- _Material provided_
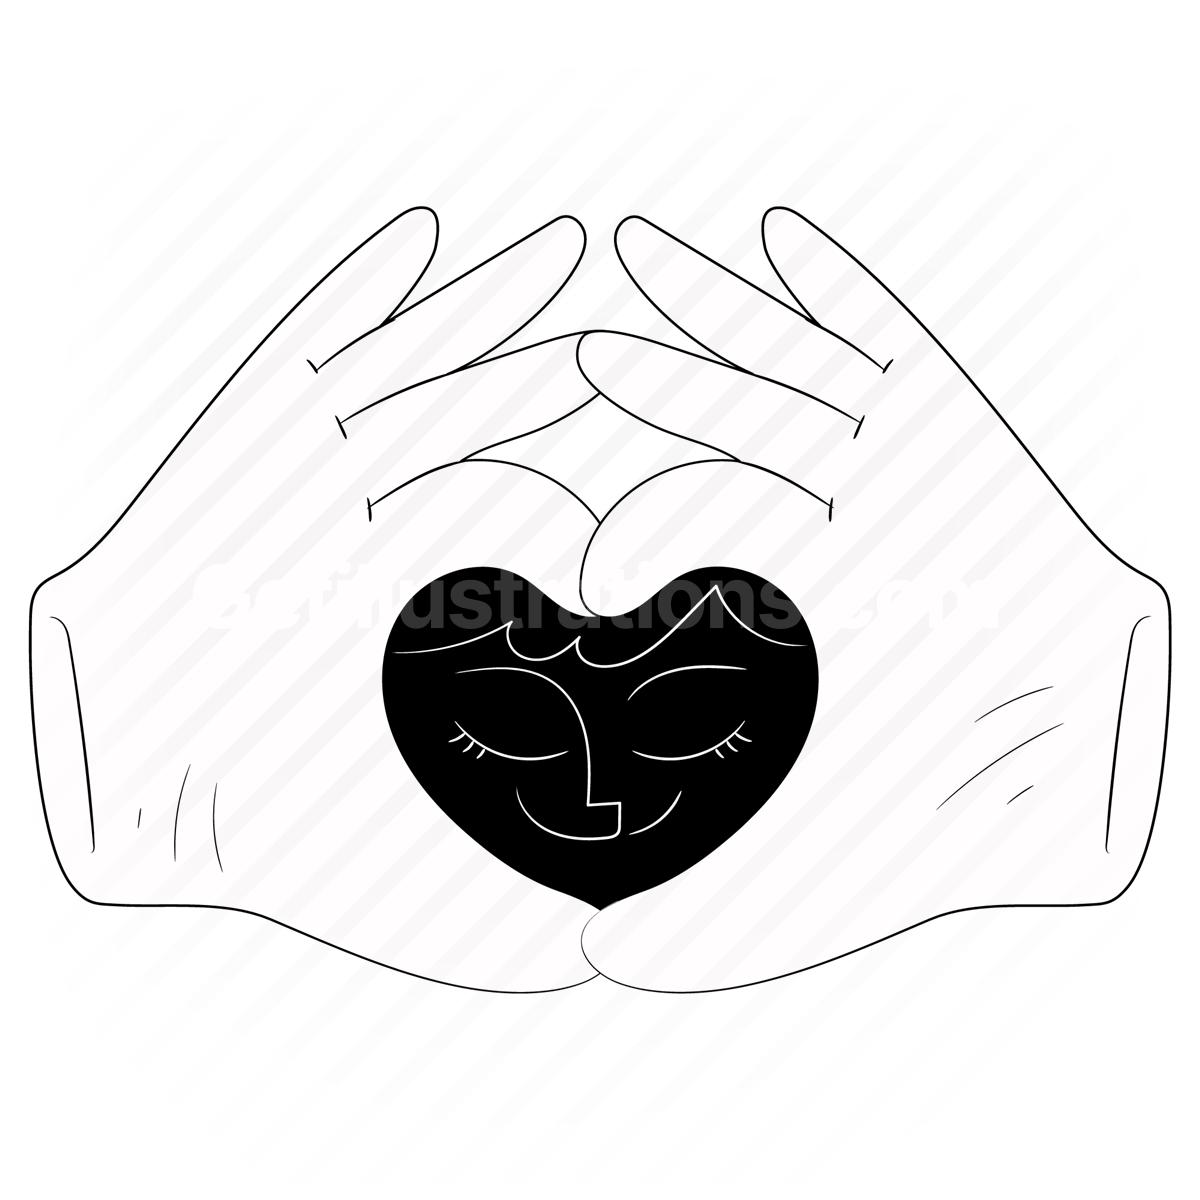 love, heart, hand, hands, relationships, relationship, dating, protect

* * *

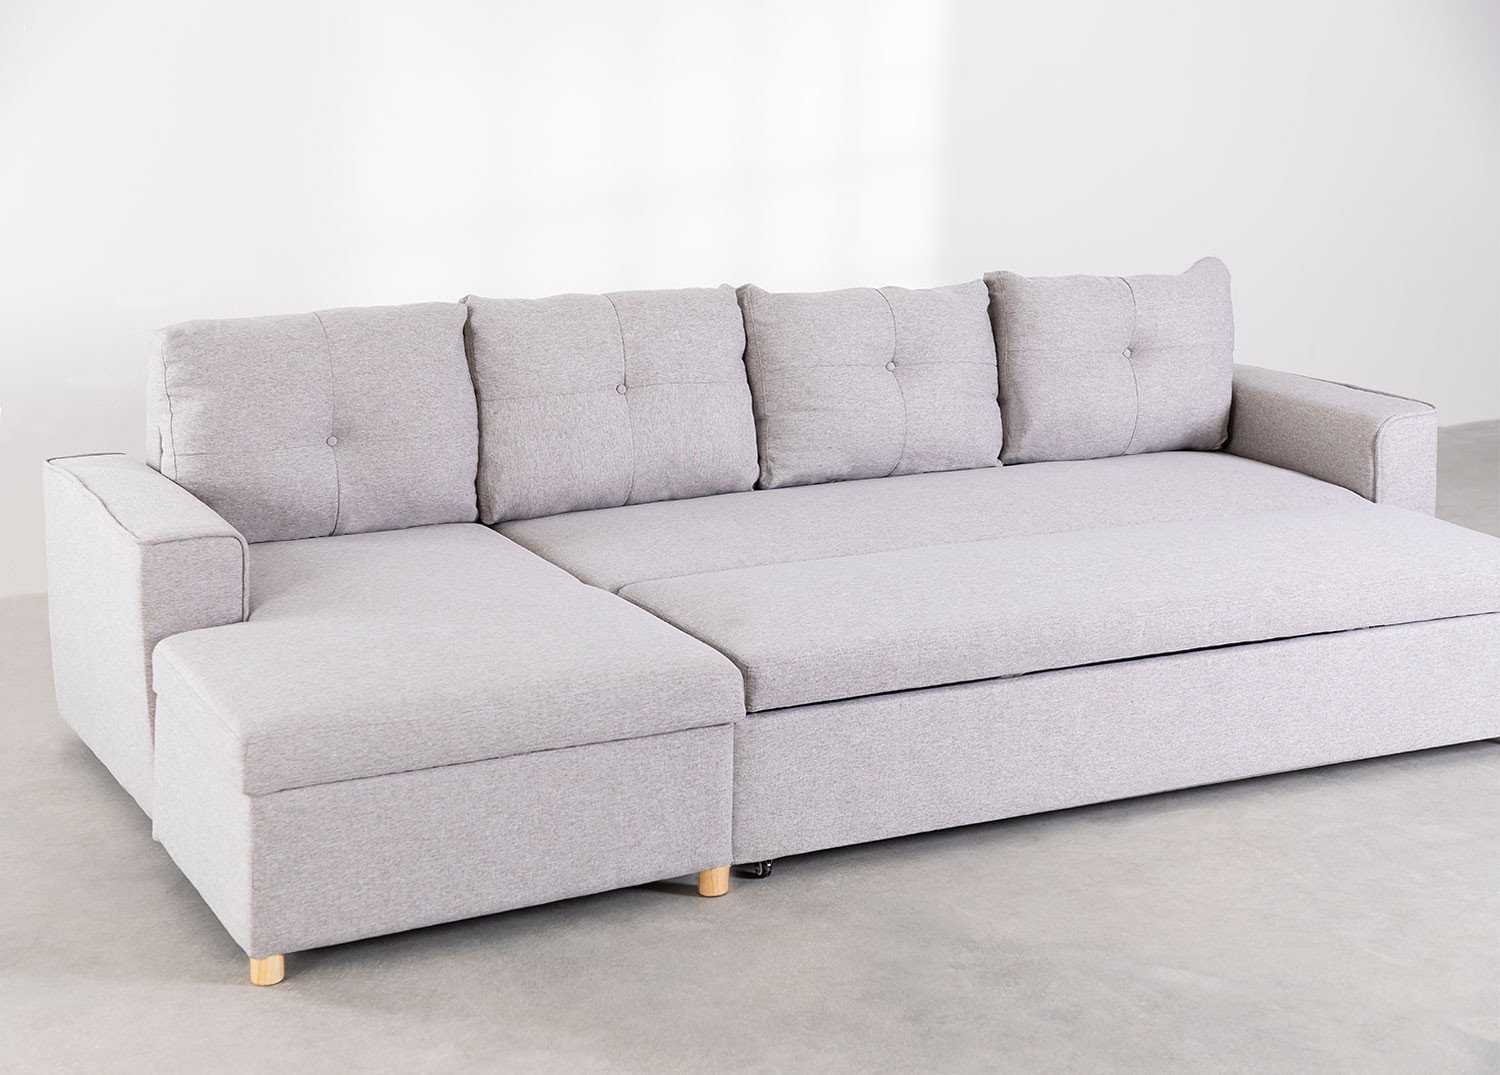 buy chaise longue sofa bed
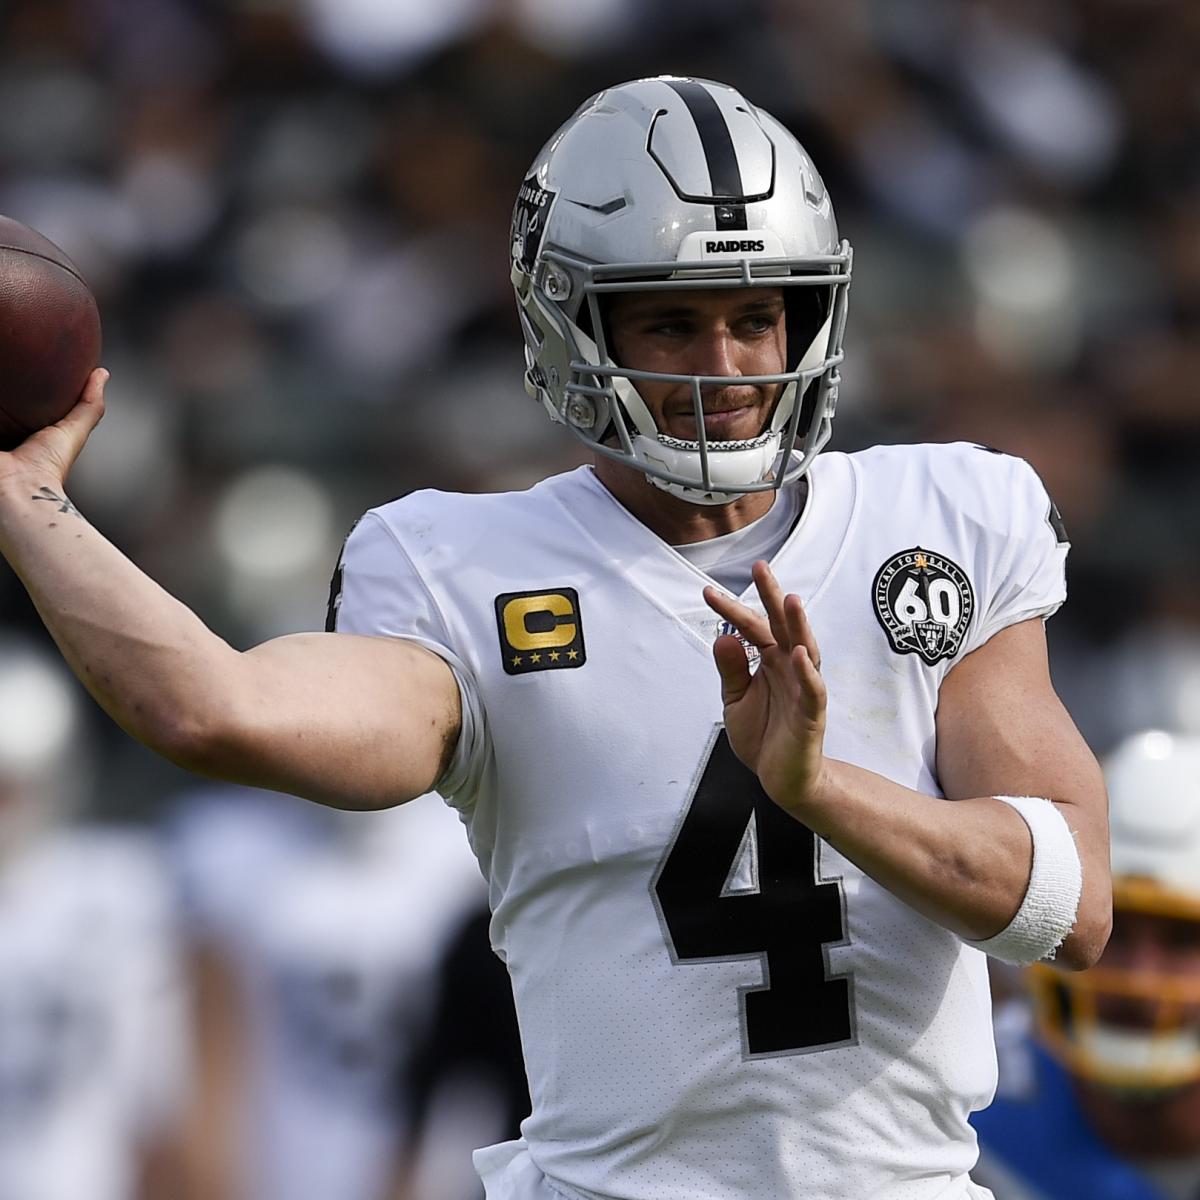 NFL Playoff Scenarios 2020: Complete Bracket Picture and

- _What needs to be done_
Extract from the material above the stretch running from the line containing "buy chaise longue sofa bed" through the line containing "NFL Playoff Scenarios". Keep the text exact and the pictures out.

- _Task solution_
 buy chaise longue sofa bed
 NFL Playoff Scenarios 2020: Complete Bracket Picture and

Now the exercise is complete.